粘土細工の人形を、ひとコマひとコマ撮影して作るという
考えただけで背筋の凍る根気と、永遠と言ってもいい時間をかけて
作り出されたその世界は、銀河系の彼方でも、
ブラックホールでも、屍になった海賊でも映像化できる
今の世の中にあっても、否、だからこそ、かなり奇抜だし魅力的だ。

特に今作は、環境破壊や動物虐待という重いテーマを
粘土細工の人形で表現しており、それはまるで

「私は、決して物事を真っ直ぐに見たりはしません」

と胸を張って言い切っているようなものなので、
そのへその曲がり方はハッキリと私のツボだ。

悠々自適に生きてきた犬たちと、
運命的に犬を忌み嫌う家系に生まれた人間との抗争をベースに、
支配者となった犬嫌いの陰謀によって愛犬を廃棄処分された主人公が
愛犬を遺棄されたゴミの島へ救出に行向かう。
そんなたった一人の愛犬への強い思いが、やがて人々の気持ちを動かし、
大きなウネリとなって支配者に向かっていく。

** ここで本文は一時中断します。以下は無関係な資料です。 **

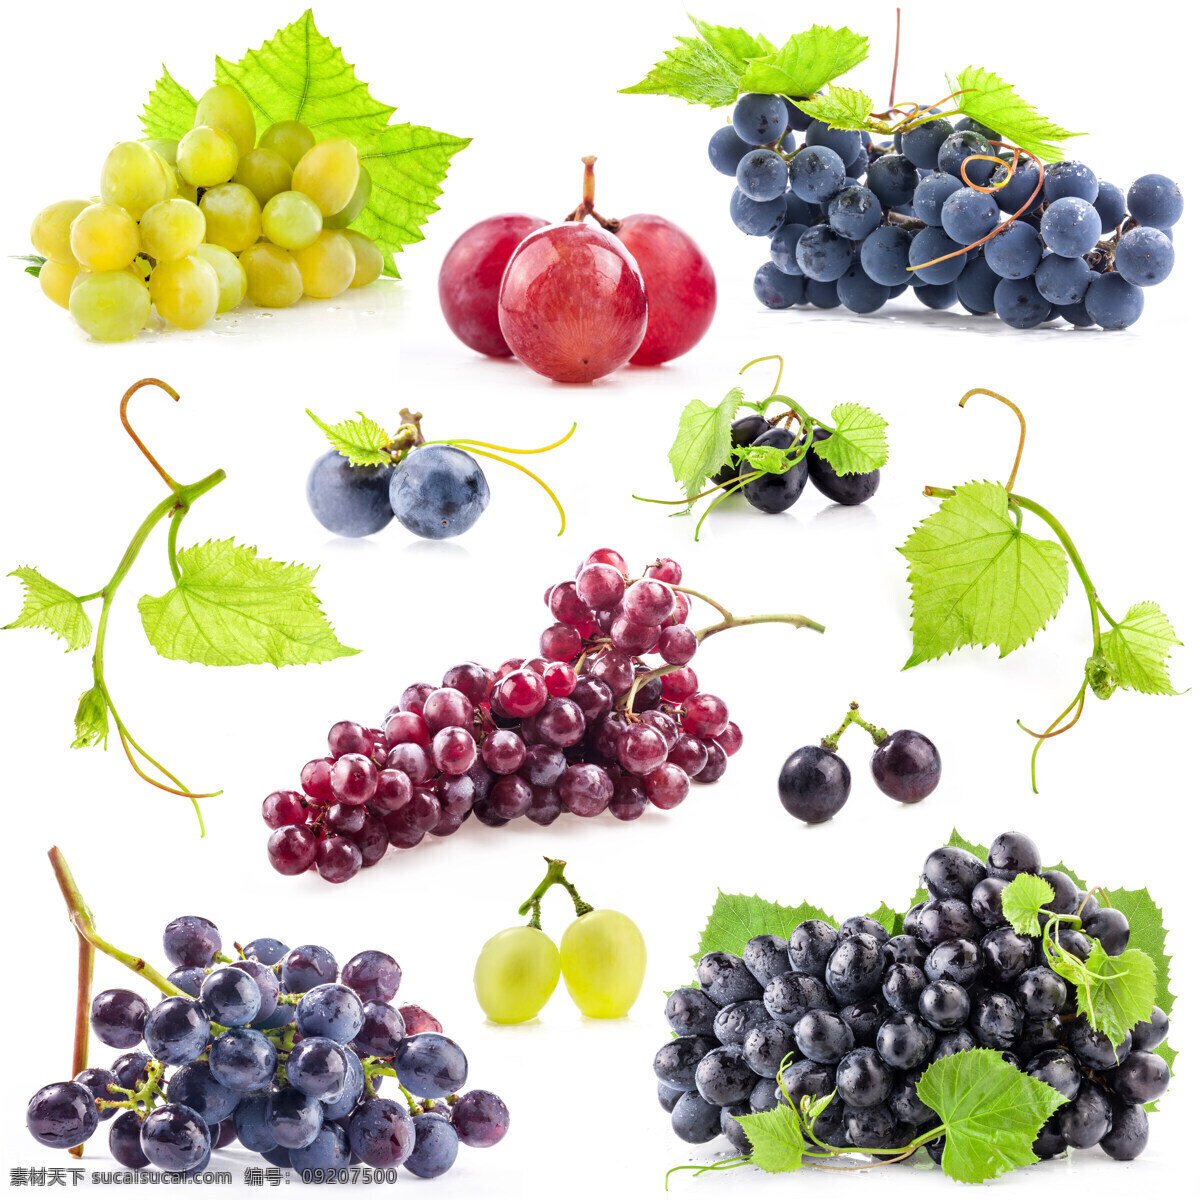 各种 品种 葡萄 提子 水果 新鲜水果 食物 餐厅美食 水果摄影 蔬菜图片 餐饮美食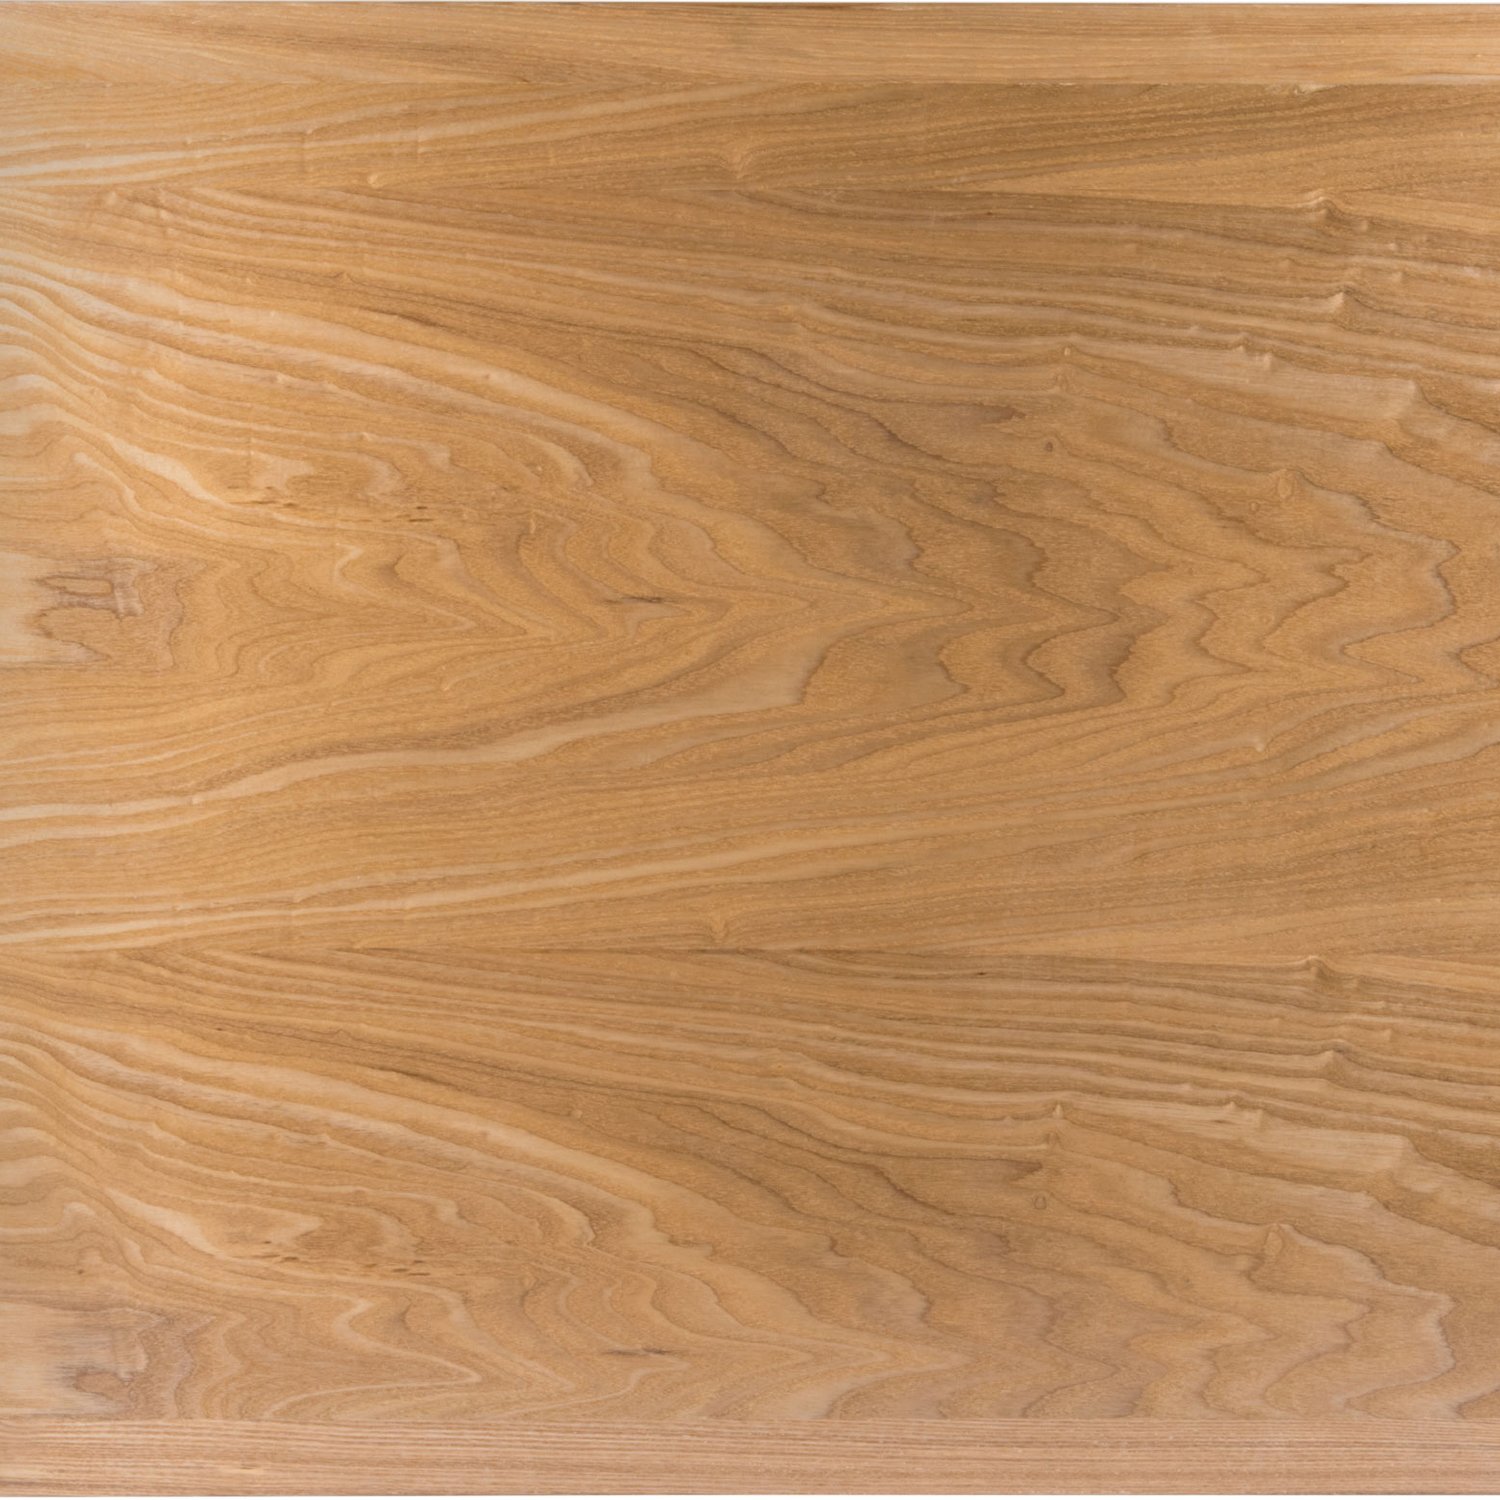 Light brown veneer wood table top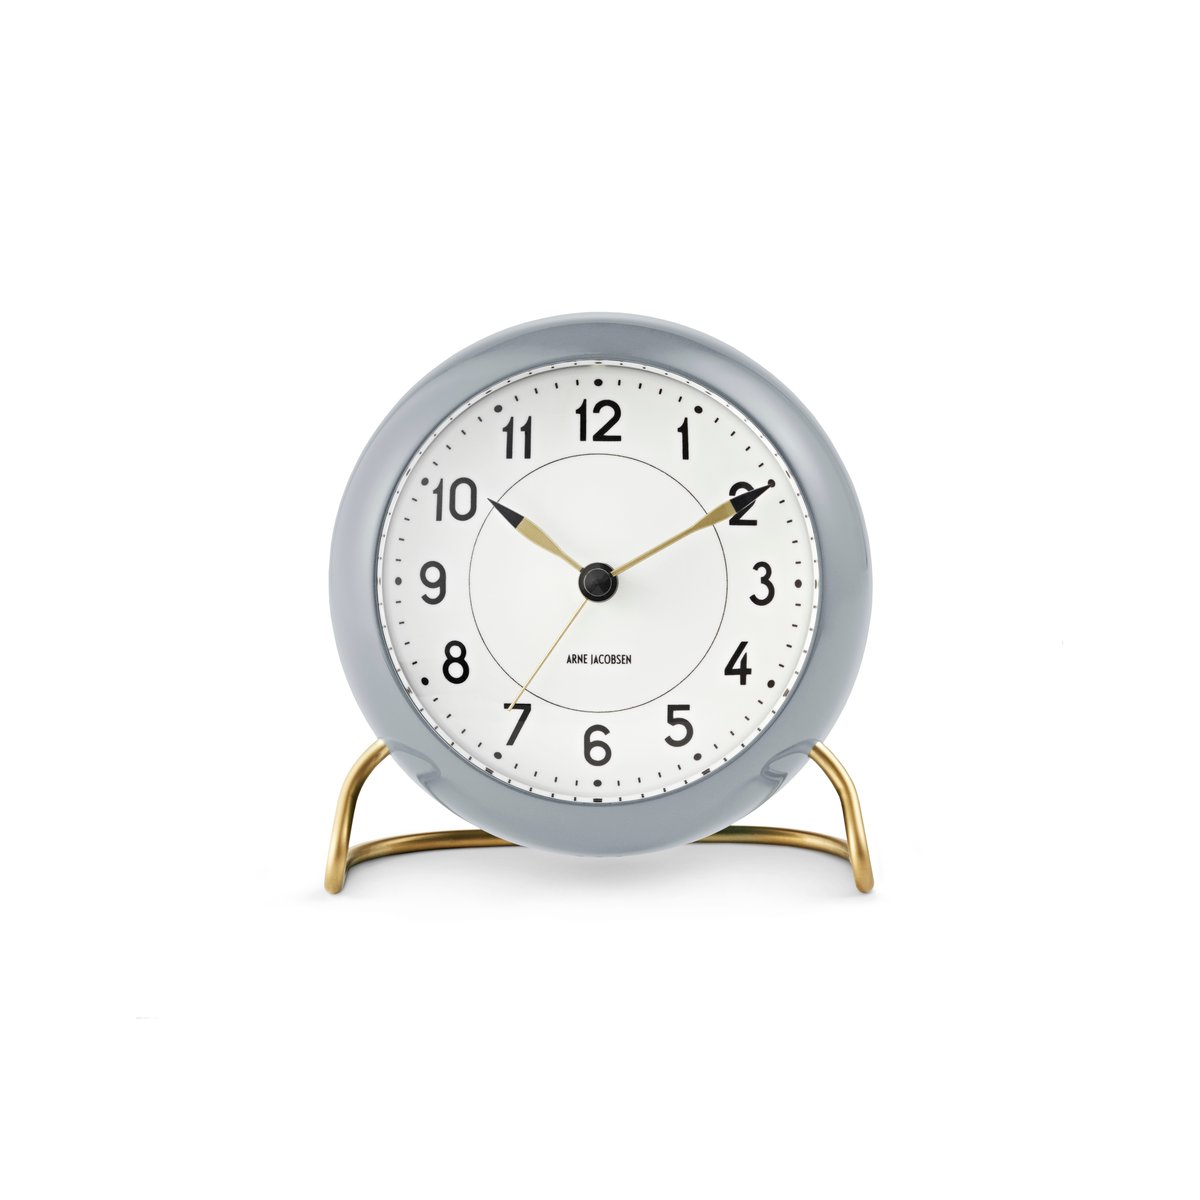 Arne Jacobsen Clocks AJ Station bordsur 12 cm grå-hvid (5709513436744)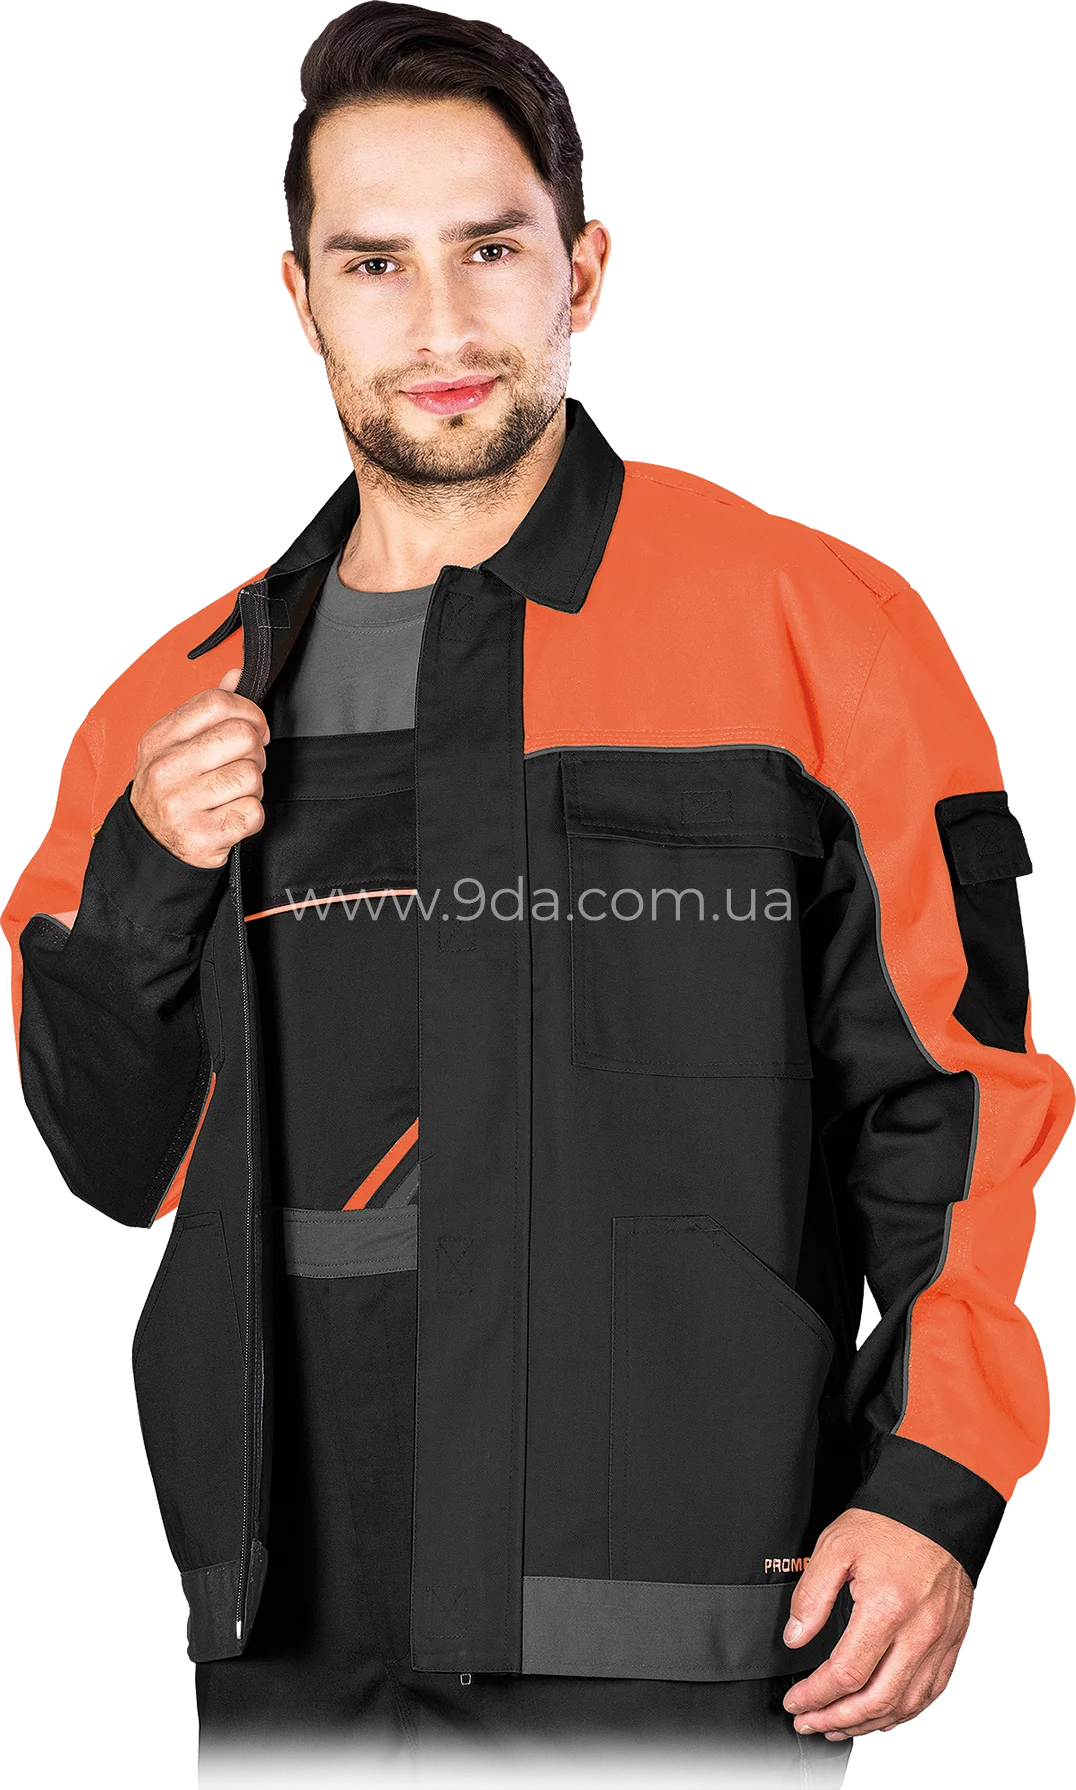 Куртка робоча Pro Master, 65% поліестер, 35% бавовна, 300г/м², чорно-помаранчево-сірий, PRO-J BPS, Reis - 1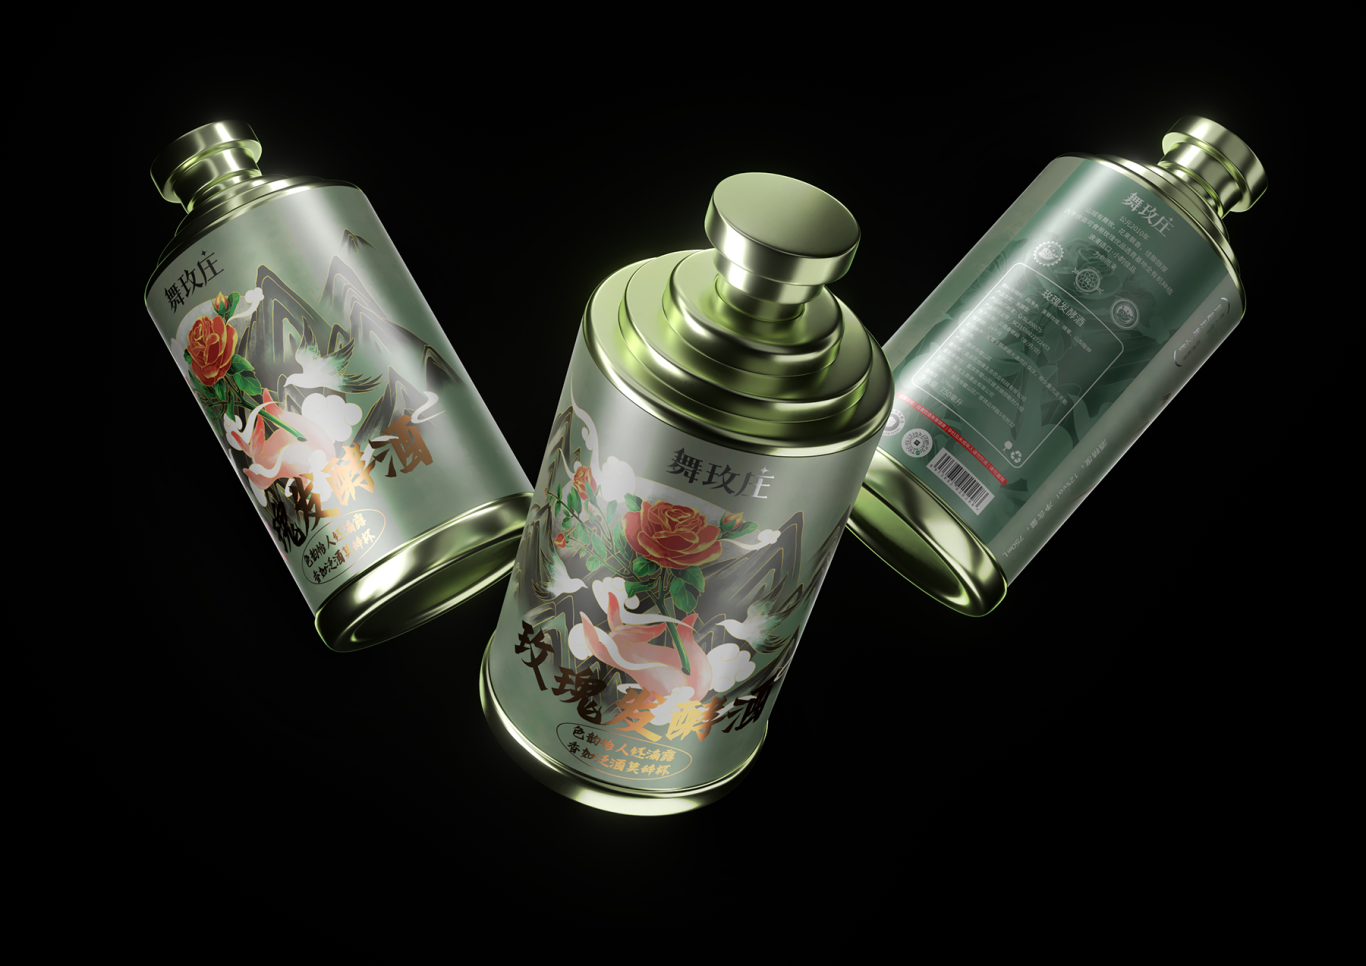 舞玫莊-果酒系列產品包裝設計圖27

という物語。

なぜに舞台が近未来の日本なのか?に関しては、
観終わっても特に示唆はない。
かと言って、アチコチで言われているような
ウェス・アンダーソン監督の日本愛みたいなものもあまり感じられず、
日本への理解はそこそこいい加減で底が浅いと言わざるを得ない。

つまり、「この荒唐無稽で奇抜なお話が東洋の島国だったら面白そう」
といった程度の選択だったと思われるし、
実際その目論見は当たっていると思う。

そんなある意味凝った悪いジョークみたいな作品に
ジェフ・ゴールドブラム、ビルマーレイ、エドワード・ノートン、
スカーレット・ヨハンソン、渡辺謙、オノ・ヨーコといった
(日本からも松田龍平など)
大御所俳優を声優に配置するというナンセンスが
とてつもなく高いセンスを生み出している。

そんなグローバルな色眼鏡で見渡した極東の島国のいびつなところを
精神世界として整頓して見せたのがこの『犬ヶ島』だと思う。

なので、これが日本だと思って見るよりも、
どこか遠い異国で起こった出来事だと思って観た方が
きっと今作の核心を観ることができると思う。

そうして観てみれば、コマ撮りでなければ描けないキャラクターの心模様や
細かい葛藤が浮き彫りになり、この奇抜な世界にもすんなり入り込めると思うし、
意外や意外、綿密に織り込まれた脚本による
繊細な物語であることが理解できて楽しめるだろう。

アニメ作品を毛嫌いしている人ほど、観てみると驚く作品だと思います。
(オススメ度:70)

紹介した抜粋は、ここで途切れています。